I hope this question can help others working with paired-end sequences that have forward.fastq.gz, reverse.fastq.gz, and a metadata table containing a column with barcodes. My main problem is that the cutadapt demultiplexing identifies very sequences per sample. I believe this is due to a barcode issue.
My methods:
To import the data into qiime2 I followed this qiime2 tutorial.
qiime tools import \
--type MultiplexedPairedEndBarcodeInSequence \
--input-path sequences \
--output-path multiplexed-seqs.qza
To demultiplex the data I used the cutadapt command:
qiime cutadapt demux-paired \
--i-seqs multiplexed-seqs.qza \
--m-forward-barcodes-file metadata.tsv \
--m-forward-barcodes-column barcode-sequence \
--p-error-rate 0.1 \
--output-dir demultiplexed_data
To summarize the data I followed the basic code:
qiime demux summarize \
--i-data demultiplexed_data/per_sample_sequences.qza \
--o-visualization demultiplexed_data.qzv
The problem I encountered was that almost no reads were found for some samples.
I used a simple grep search of the unzipped forward reads (gunzip forward.fastq.gz
) and found that there were a lot of errors in the barcodes themselves. For example, all barcodes started with "TAAGGCGA" followed by 8 unique nucleotides. I used the grep command grep -o TAAGGCGA........ forward.fastq | sort | uniq
and identified 163 unique variations of the barcodes. None of these extracted barcodes exactly matched the barcodes I supplied in my metadata.tsv file.

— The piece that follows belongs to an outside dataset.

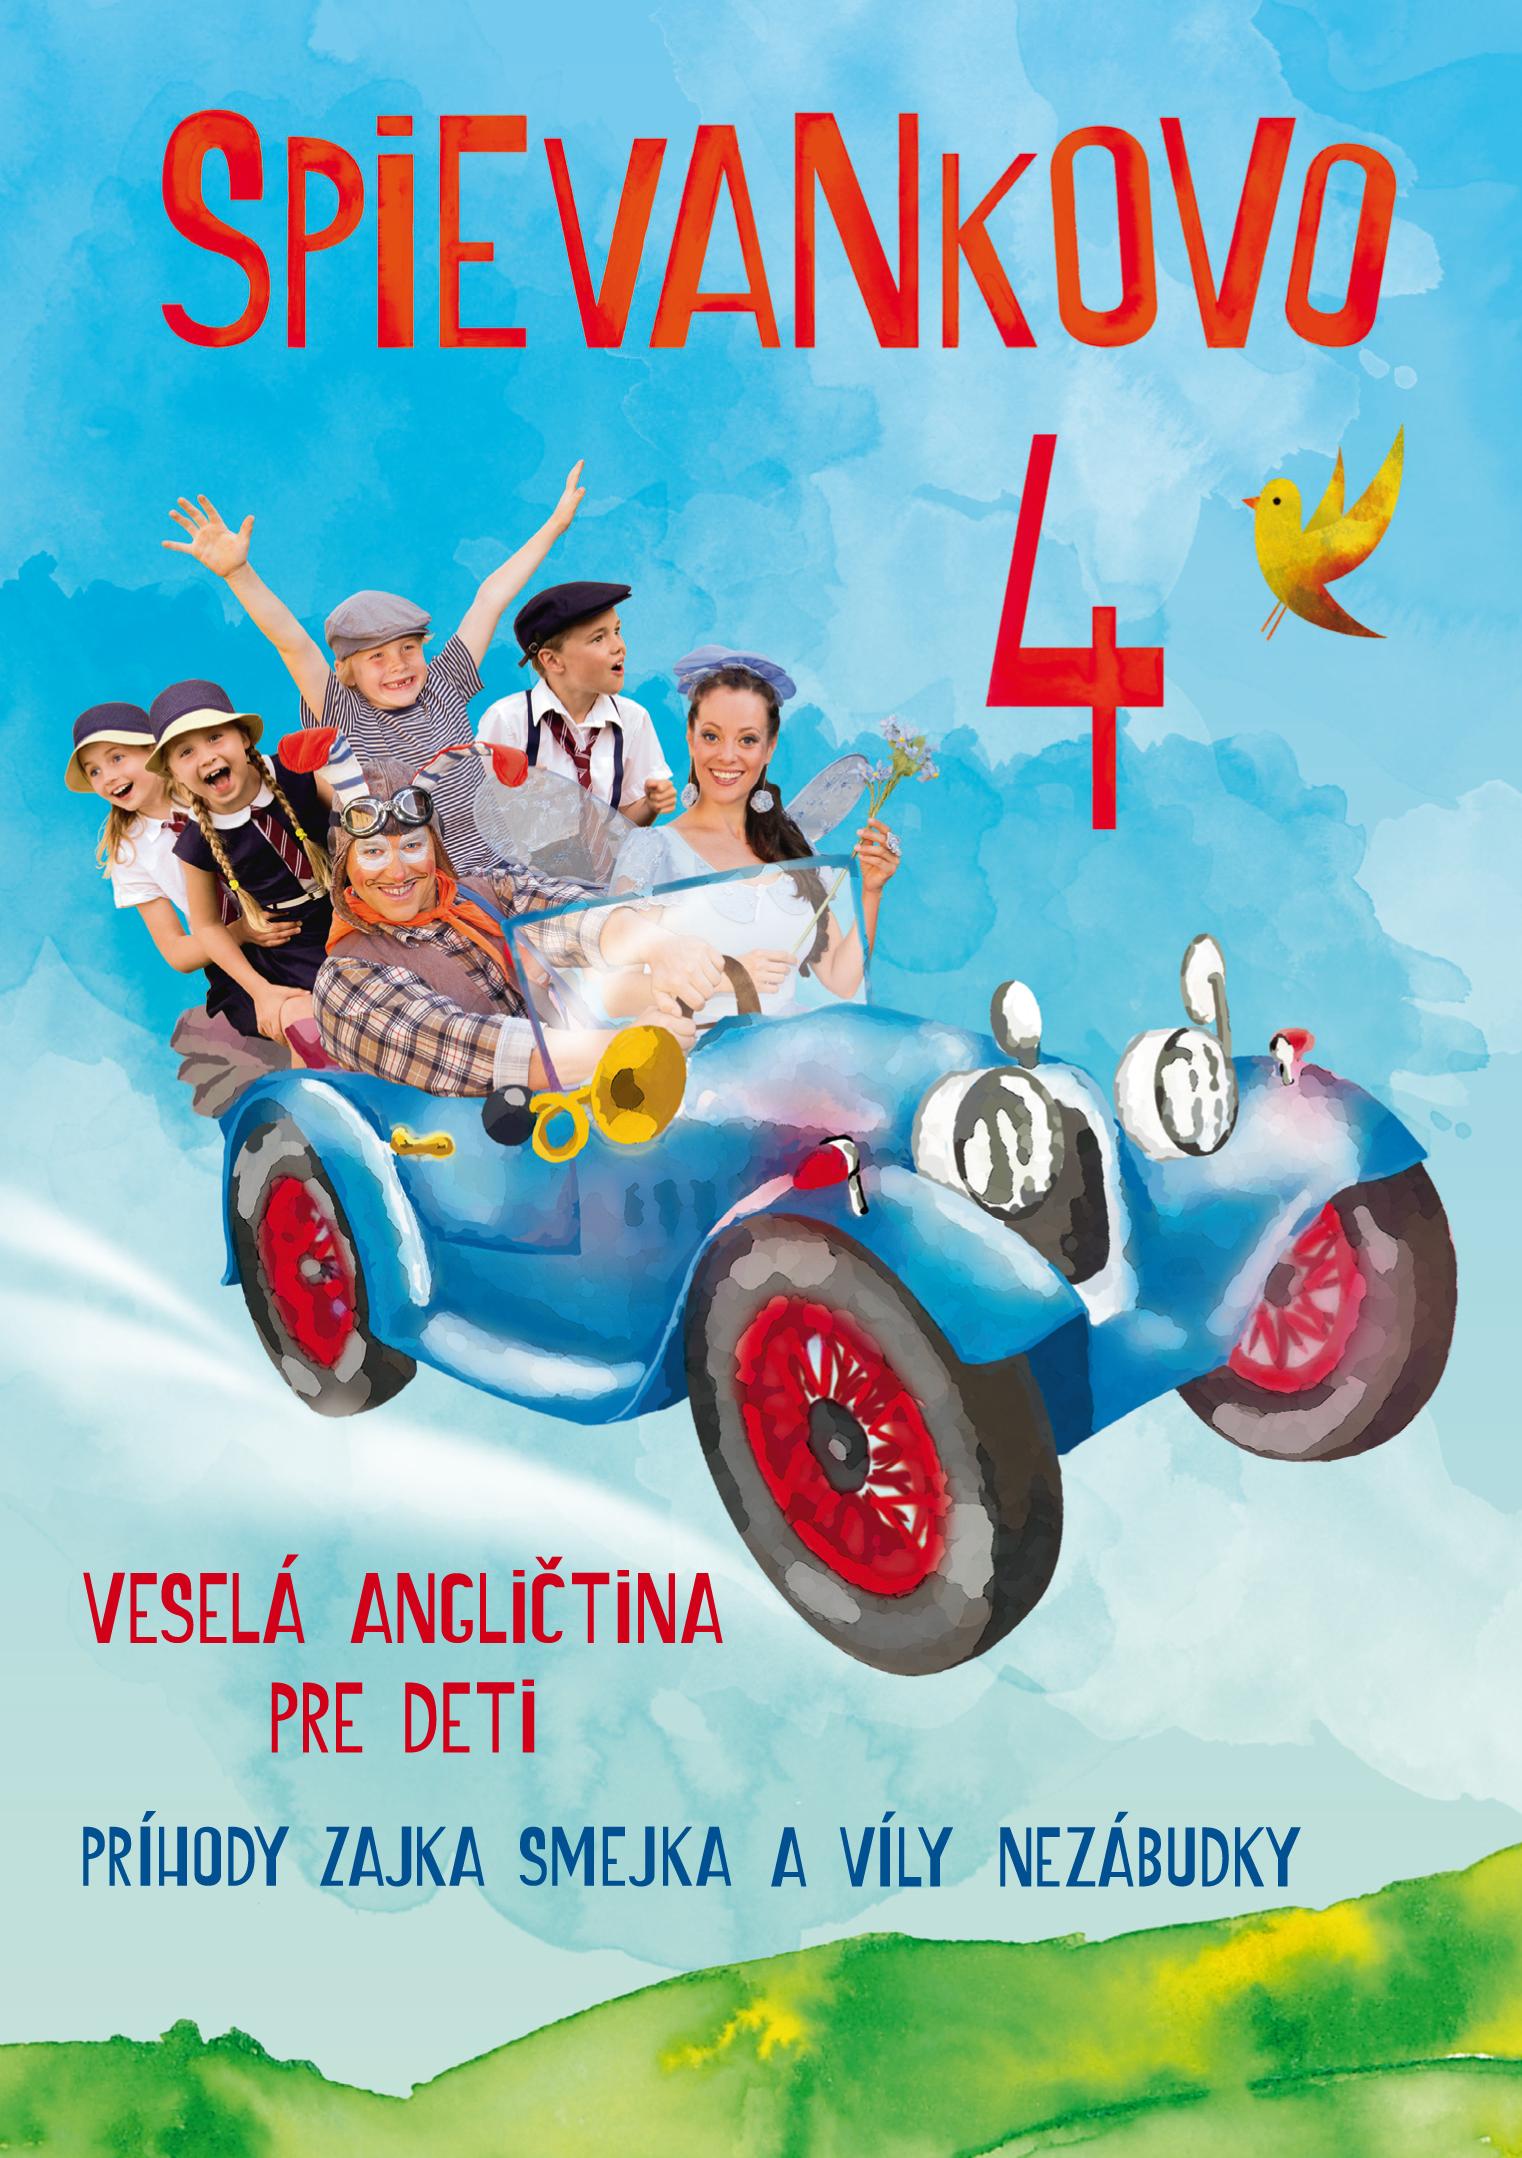 Mária Podhradská a Richard Čanaky - DVD SPIEVANKOVO 4 VESELA ANGL. PRE DETI

I increased the number of sequences identified for each sample by allowing more errors in the barcode matching with the following command:
qiime cutadapt demux-paired \
--i-seqs multiplexed-seqs.qza \
--m-forward-barcodes-file metadata.tsv \
--m-forward-barcodes-column barcode-sequence \
**--p-error-rate 0.2** \
--output-dir demultiplexed_data_error.2
This identified more sequences. However, I am left feeling unsure about the demultiplexing process.
Questions:
Am I right in assuming that my main issue stems from the barcodes?
Is it normal to not have a perfect match for the barcodes?
Or is this user error?
I am using qiime2-2021.4, on a windows 10 computer using the windows subsystem for Linux. I have used this computer to analyze microbiome data previously so I don't think it is my hardware.
Thank you for your time and support.